4.   Numerical experiments and discussion

Recently, Cen et al. ^[27], and Lipsitch et al. ^[7] have discussed a deterministic model for the spread of two strains of a single bacterial species in a hospital ward; see Appendix A. These strains are either antibiotic-sensitive (AS) or antibiotic-resistant (AR). We propose here a stochastic version of this model with total cross-immunity by assuming that the infection of a patient by one bacterial strain provides immunity against the other.
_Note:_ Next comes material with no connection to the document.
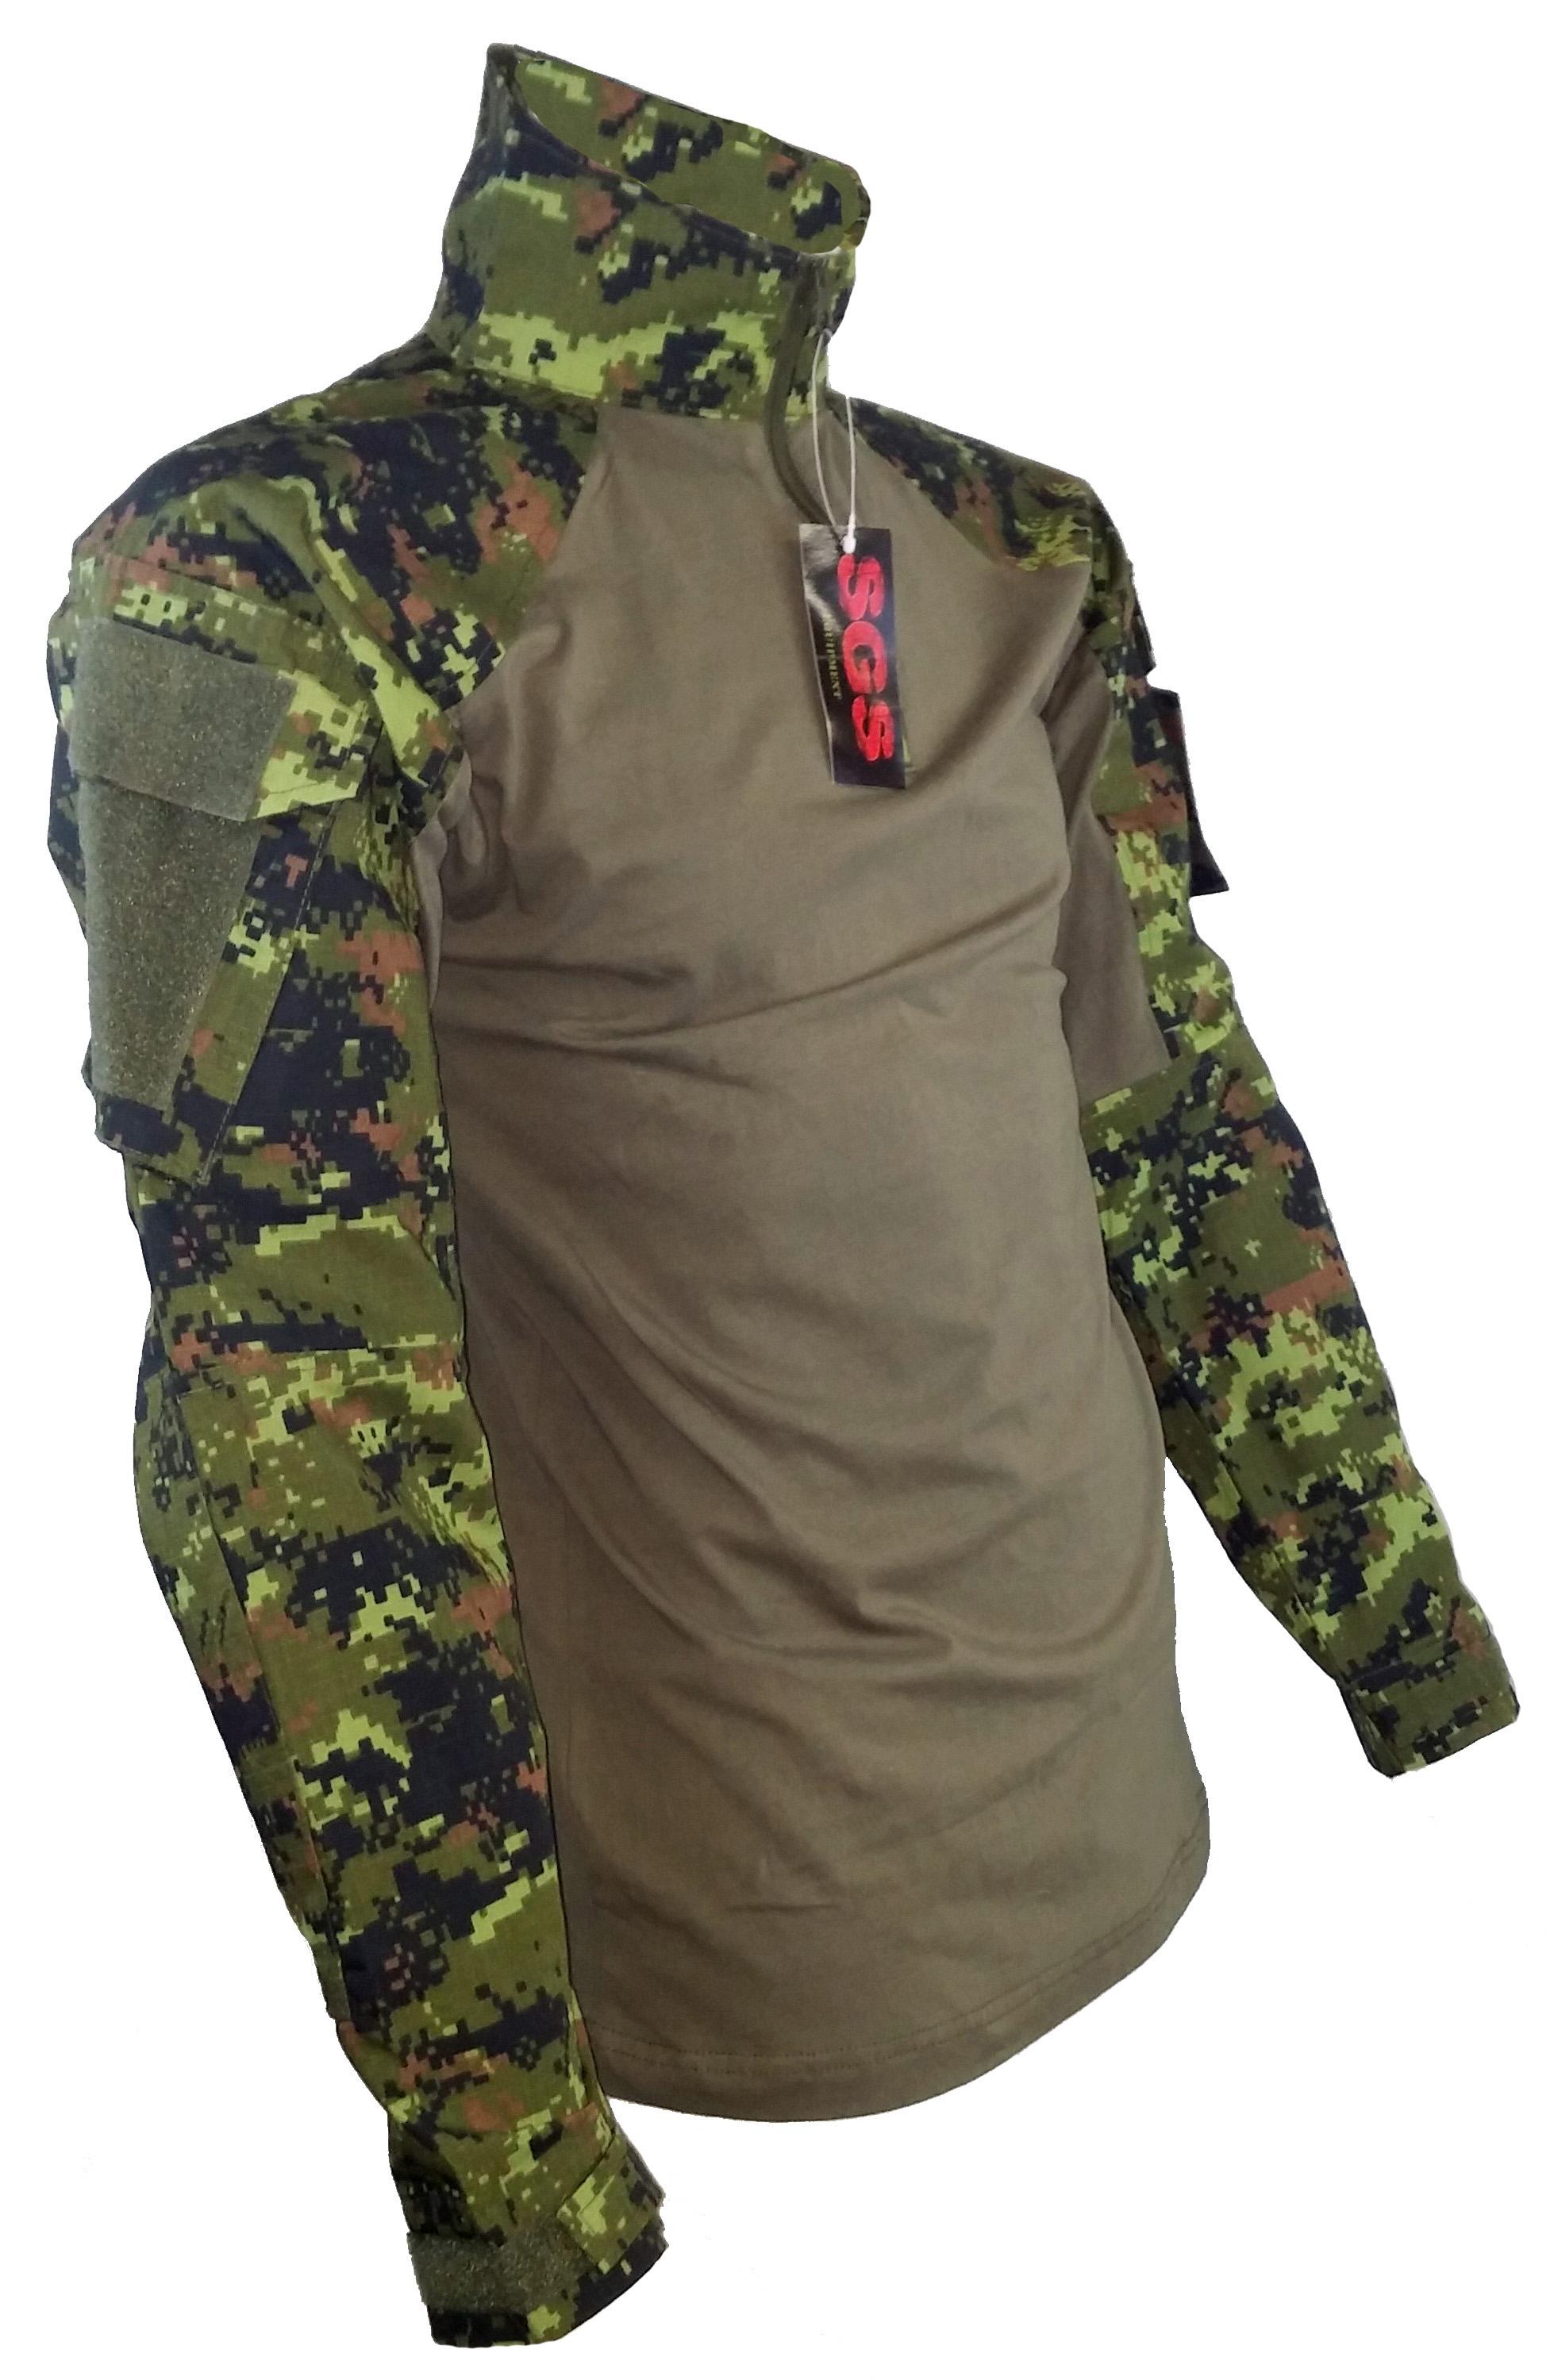 SGS Tactical sweater Canadian digital

Initially the hospital ward accommodates one infective colonized by the AS bacteria, one infective colonized by the AR bacteria and $N-2$ susceptible patients. It is assumed that patients cannot be discharged from the hospital ward and, consequently, the entire group of $N$ patients remains under study during the outbreak. Two antimicrobial agents –referred as drug A and drug B– are routinely provided to patients in the ward, irrespectively of these patients being or not infected by bacteria. Drug A is assumed to be effective against the AS bacteria with per-capita treatment rate $\tau_A > 0$, and drug B is effective against both bacterial strains with per-capita treatment rate $\tau_B > 0$.

We let $S(t)$, $I_1(t)$, $I_2(t)$ and $R(t)$ be the respective numbers of susceptible patients, infectives colonized by the AS bacterial strain, infectives colonized by the AR bacterial strain and recovered patients in the hospital ward at time $t$. Infections of type $1$ and of type $2$ (Section 2) are therefore associated with the AS and AR bacterial strains, respectively, and the resulting two-strain SIR-model is specified by the infection rates $\beta_1 = N^{-1}\beta$ and $\beta_2 = (1-c)N^{-1}\beta$, and the recovery rates $\gamma_1 = \tau_A+\tau_B+\gamma_0$ and $\gamma_2 = \tau_B+\gamma_0$, where $\beta > 0$ is the per-capita primary transmission rate, $\gamma_0 > 0$ is the per-capita clearance rate of the bacteria and $c\in[0, 1)$ is the fitness cost of a bacterial strain resistant to drug A. It should be noted that clinical and epidemiological research has demonstrated that antibiotic resistance often carries a fitness cost, expressed in terms of reduced competitive ability or virulence, and translated here into the reduced growth rate $(1-c)\beta_1$ for resistant bacteria. This cost of resistance is highly variable as it is thought to be influenced by a wide variety of factors such as basic cellular functions, biochemical effects of specific resistance mutations and the underlying genetic mechanism of resistance; for related work, see ^[28] and references therein. Because we do not deal with observations from strains of a particular bacteria, we assume values $c\in\{0.25, 0.5, 0.75\}$ in our numerical results to predict generic properties of the model.

Our numerical experiments (Tables 1-3, Figures 2-10) are linked to a hospital ward with $N = 20$ patients, and values $\beta^{-1} = 1 \ day$, $\tau_A^{-1} = 5 \ days$, $\gamma_0^{-1} = 45 \ days$, and three scenarios which are defined from the choices $\tau_B^{-1} = 10 \ days$ (scenario 1), $15 \ days$ (scenario 2) and $20 \ days$ (scenario 3). Note that these values correspond to realistic selections in Lipsitch et al. ^{[7, Table 1, Figure 2]}. For easy of presentation, we use here the notation $T(AS)$ and $T(AR)$ instead of $T(1)$ and $T(2)$, and we replace $(X_{\max}(1), T_{\max}(1))$ and $(X_{\max}(2), T_{\max}(2))$ by $(X_{\max}(AS), T_{\max}(AS))$ and $(X_{\max}(AR), T_{\max}(AR))$, respectively.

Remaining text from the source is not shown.